Beyond physical distance and building size, there is very little in an unadorned ABS frame on which to base a match. However, geocoded addresses enable auxiliary data from other sources to be appended to the frame. It is common to append area-level variables such as demographics from the American Community Survey at the census tract or census block group level. Substitute units that are physically near the selected drop units will often have the same values of the area demographics. Having similar demographics may be more important for areas where nearby substitutes cannot be found.
Building characteristics such as year built, construction material, square footage, building footprint size, or housing unit cost would make nice match criteria for RECS, if available. Nationally, no complete list of buildings exists, so it is not possible to append a file of building characteristics to the entire frame.
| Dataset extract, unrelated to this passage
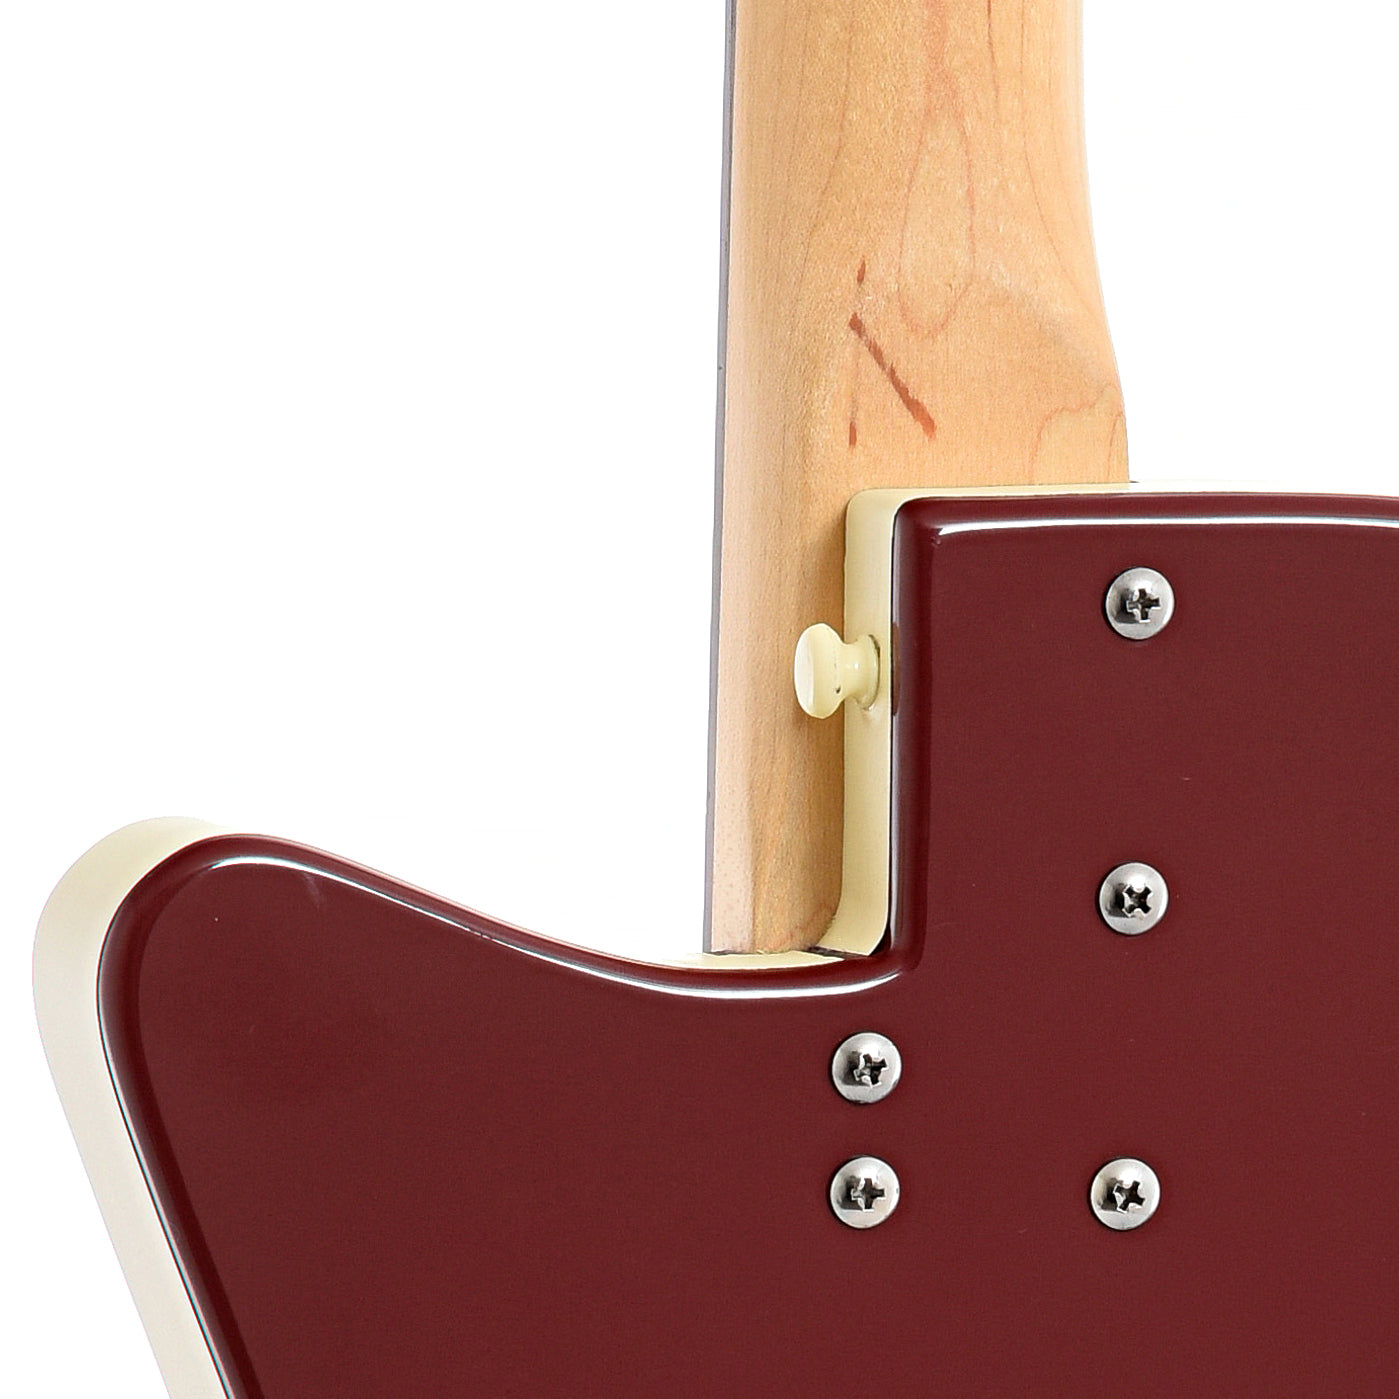 Neck joint of Danelectro 56 - U3 Reissue Electric Guitar (2000s)

Some cities or states have building registries or other administrative files for building codes, energy efficiency status, real estate records, or property taxes, for example. Some files will be more complete than others. It may be impractical to piece together data in different forms for different geographical areas, if one could even gain access to the data. Still, for a local survey, an investigation of additional data sources may be worthwhile. As long as the substitutes match the selected drop units in aggregate, though, pairwise similarity is less of a concern.
Acknowledgments
The authors thank the Energy Information Administration for sponsoring our work on the 2020 Residential Energy Consumption Survey (RECS) and thank Paul Biemer, the senior designer of the 2020 RECS sample. We acknowledge Kate Mills for pairwise comparisons of drop units and their substitutes and Taylor Lewis for leading the upcoming validation of the substitution method. We also thank Carolyn Hronis and Katie Lewis for reviews and helpful suggestions.